Data for review >>
++++++++

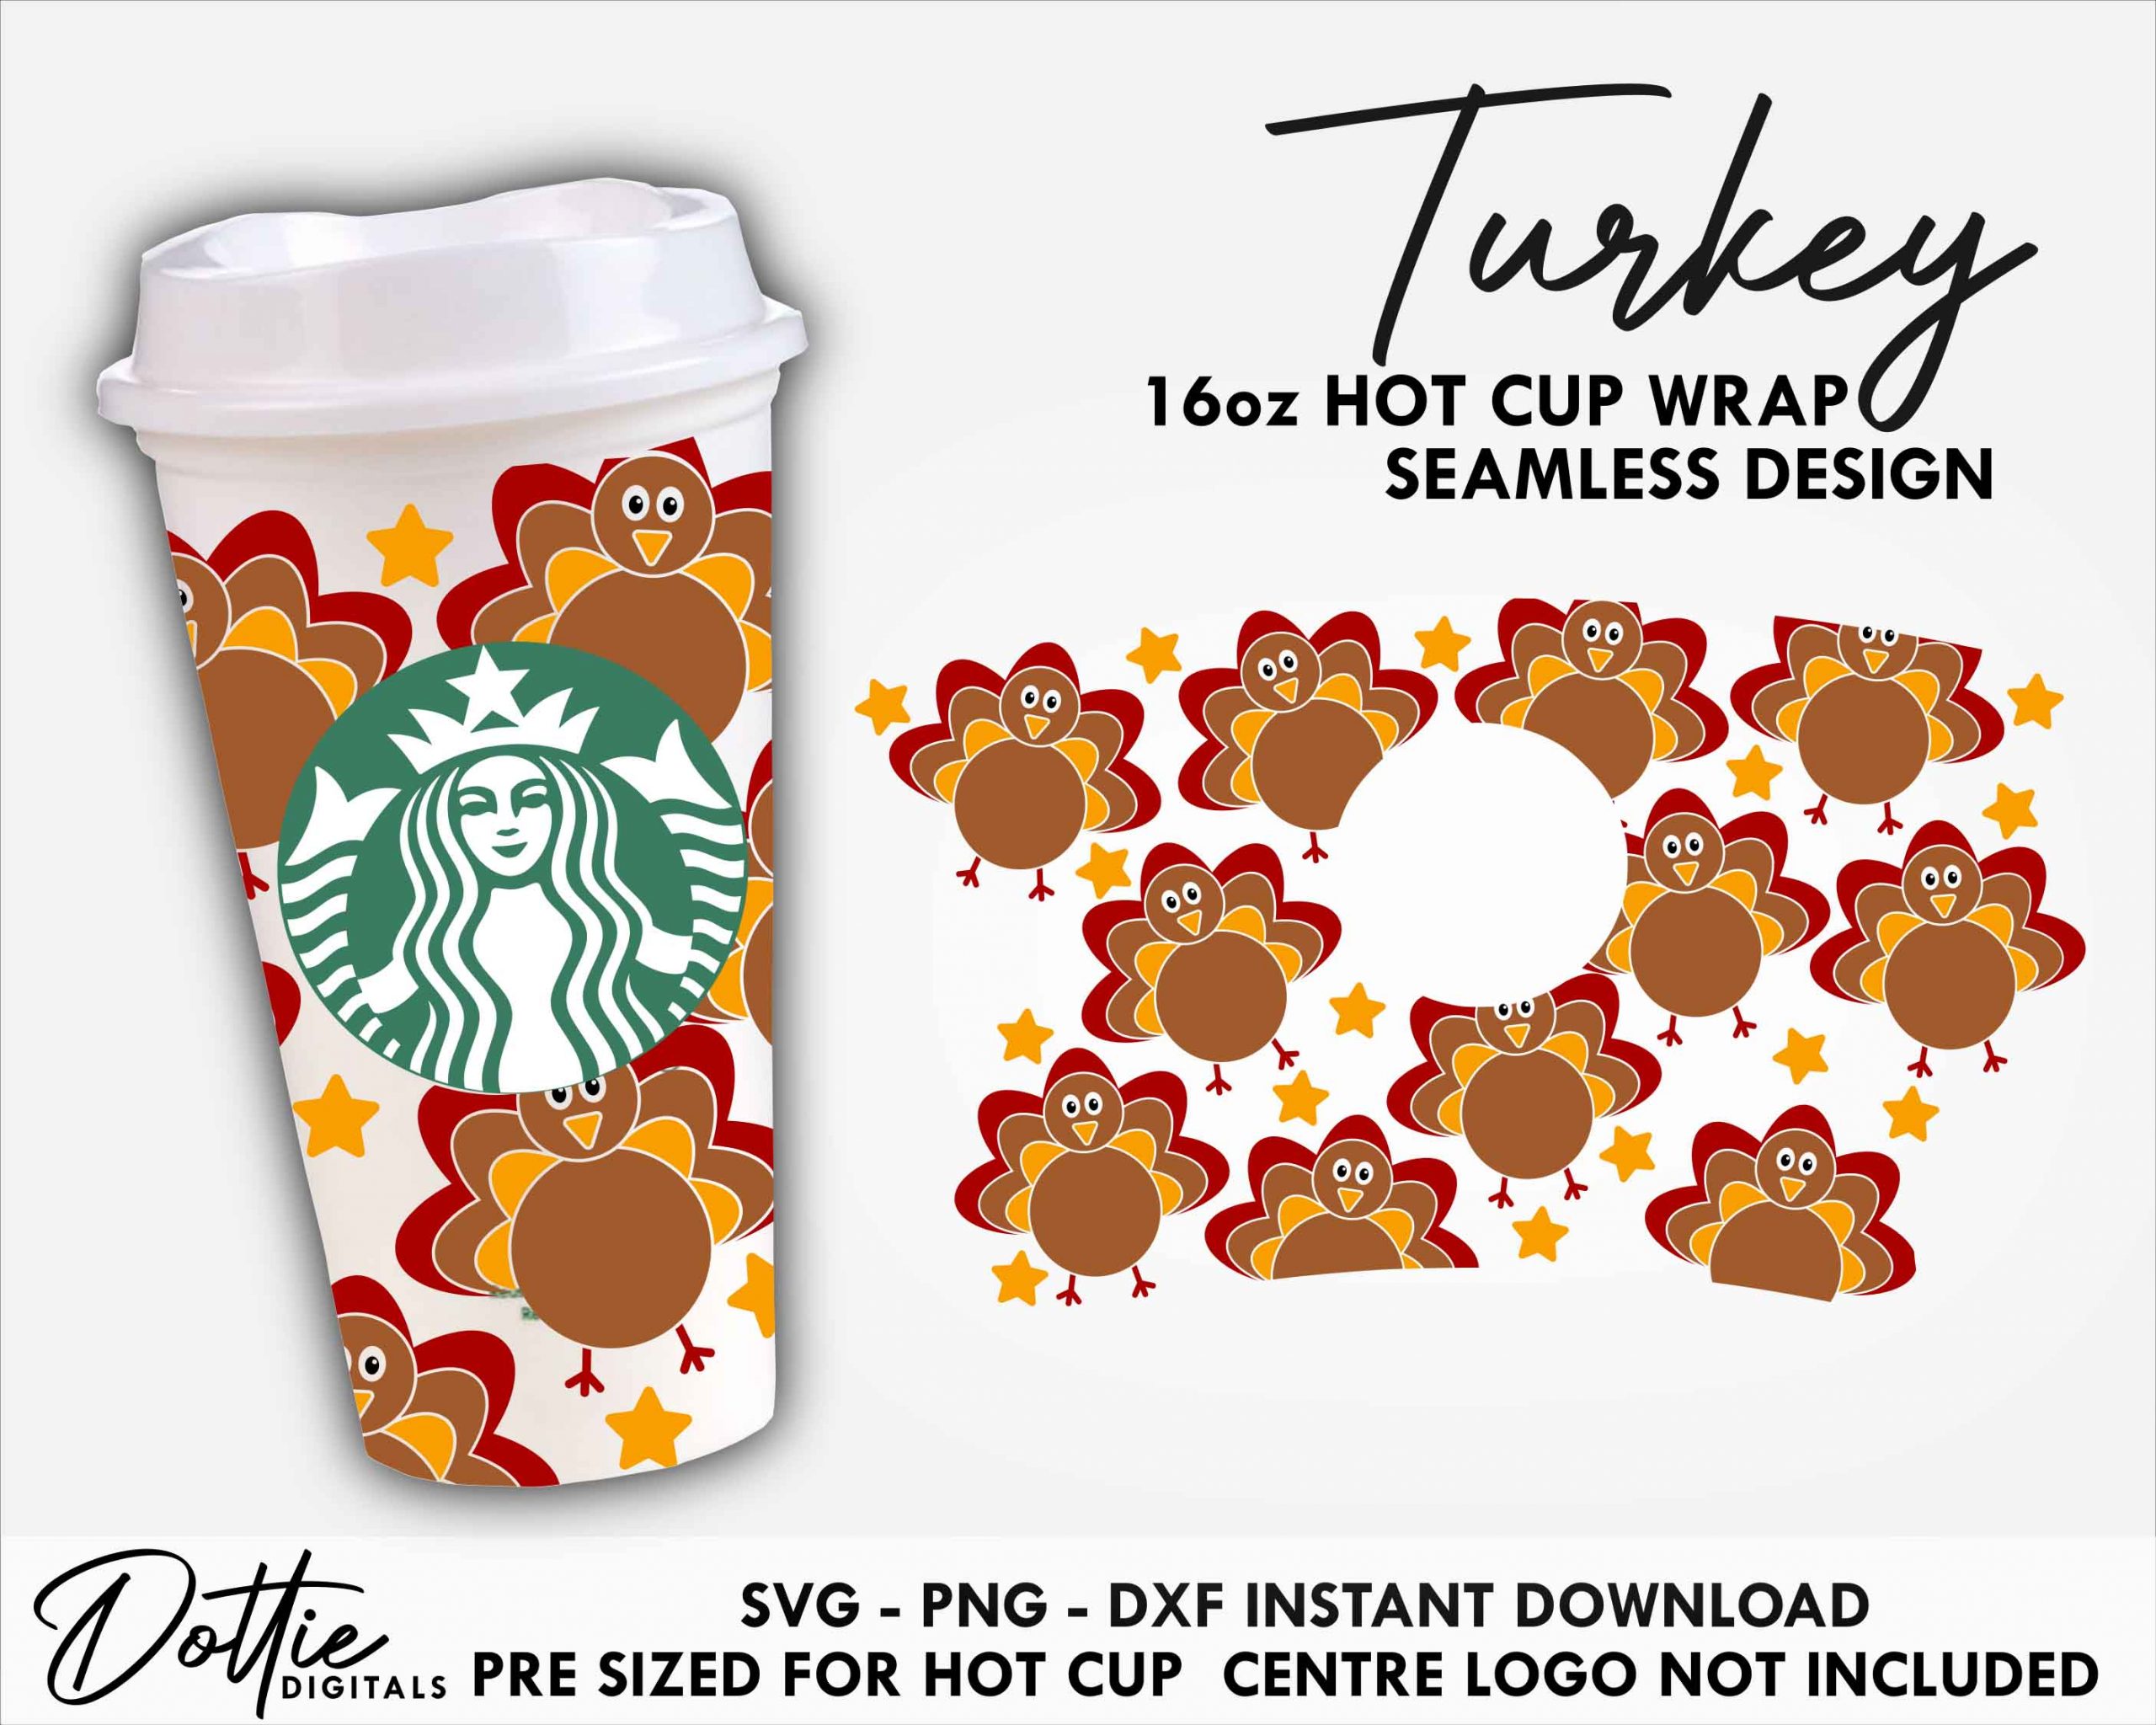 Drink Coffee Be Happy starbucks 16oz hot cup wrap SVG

++++++++

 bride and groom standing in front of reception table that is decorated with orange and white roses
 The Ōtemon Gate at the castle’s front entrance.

++++++++

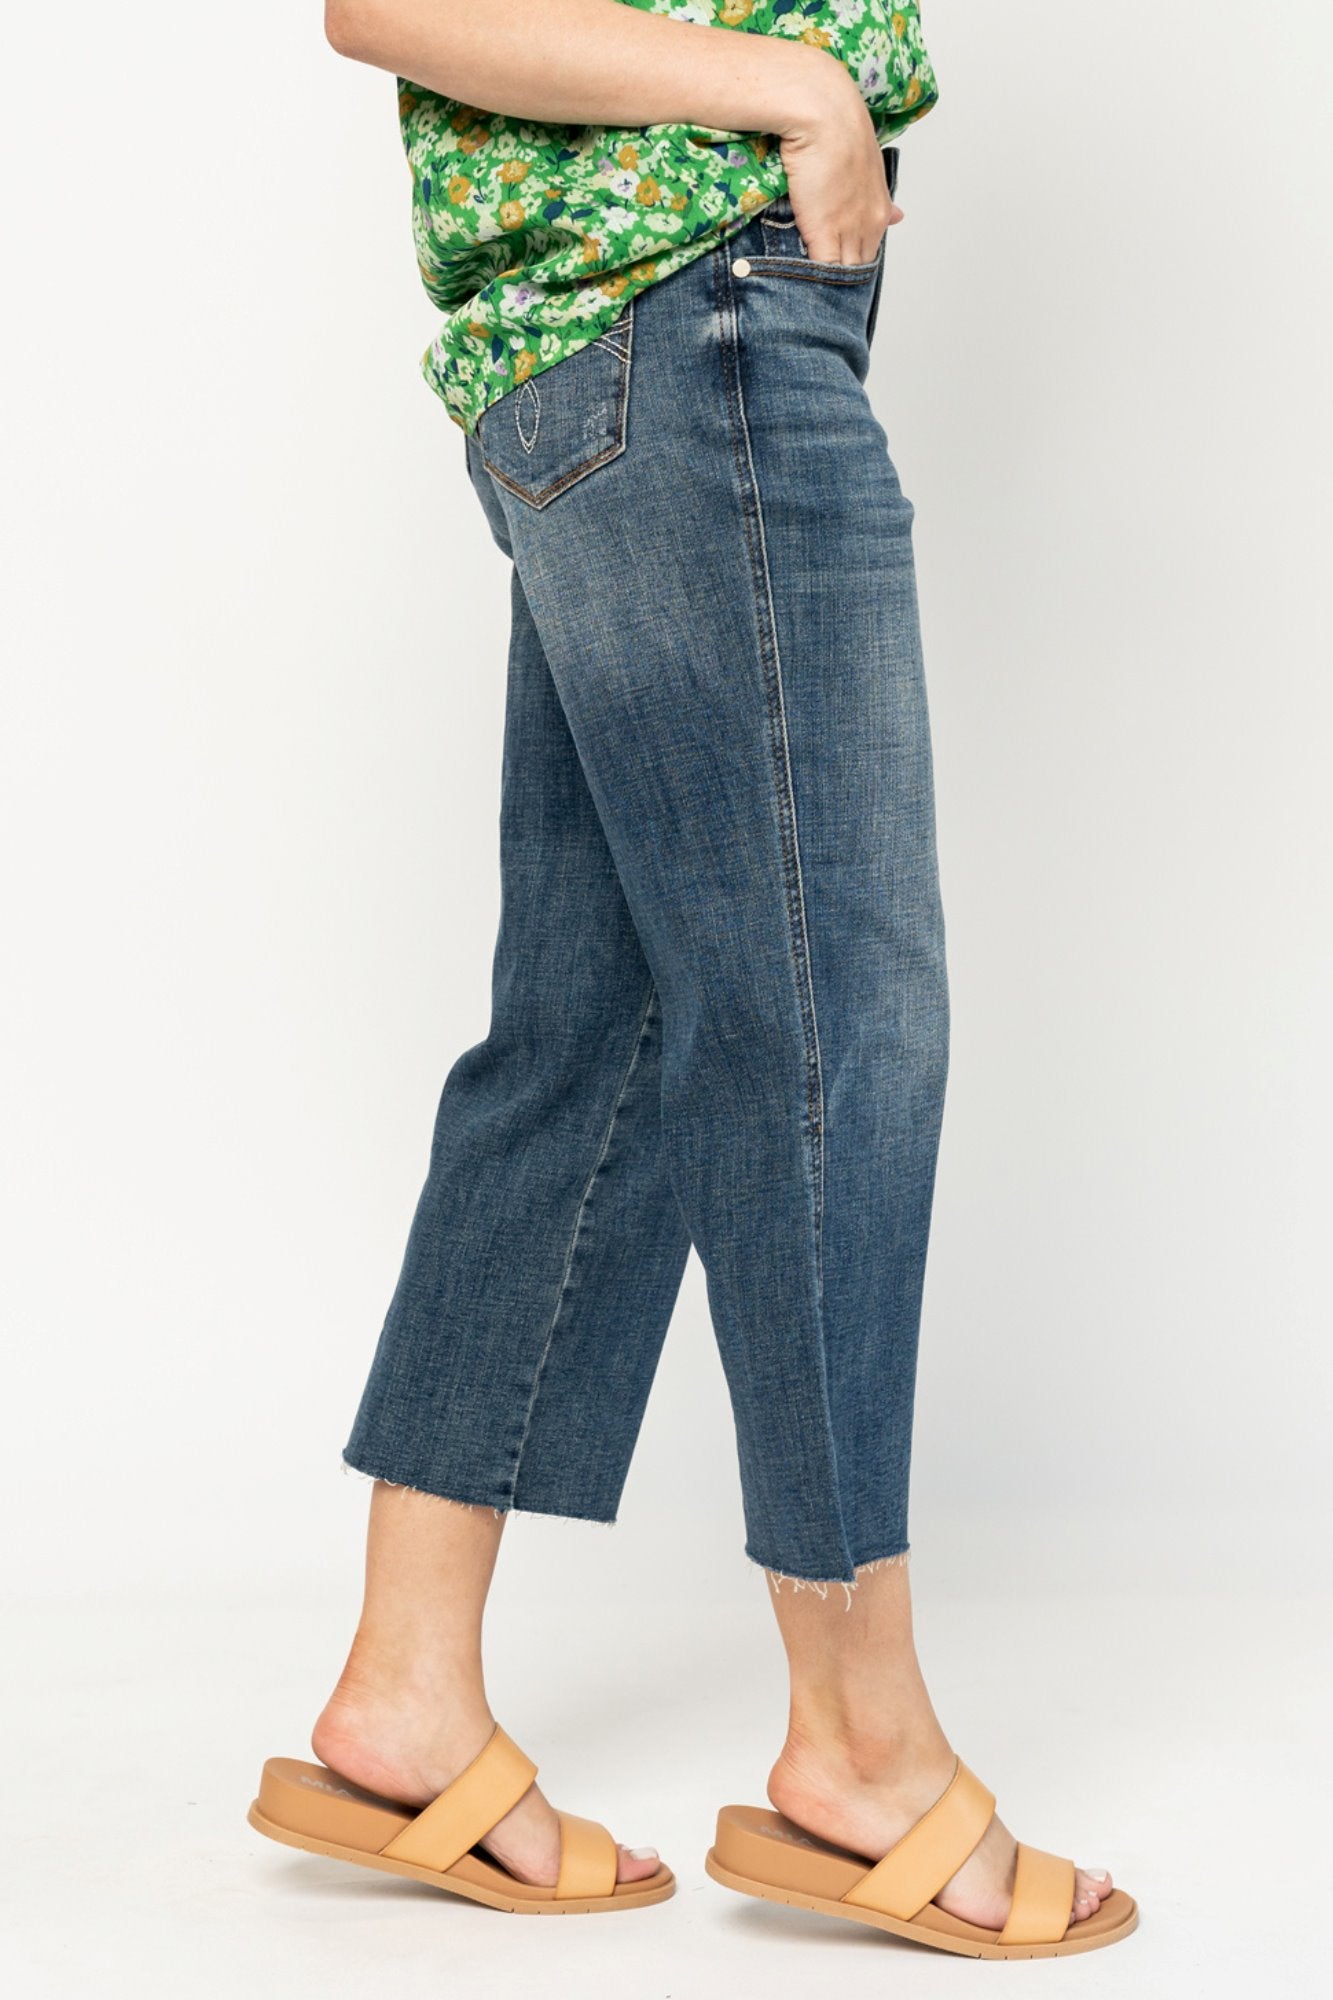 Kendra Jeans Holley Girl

++++++++

Task details >> Each line that mentions the string "front" must be copied from the listing.

Output for this exercise >>
 bride and groom standing in front of reception table that is decorated with orange and white roses
 The Ōtemon Gate at the castle’s front entrance.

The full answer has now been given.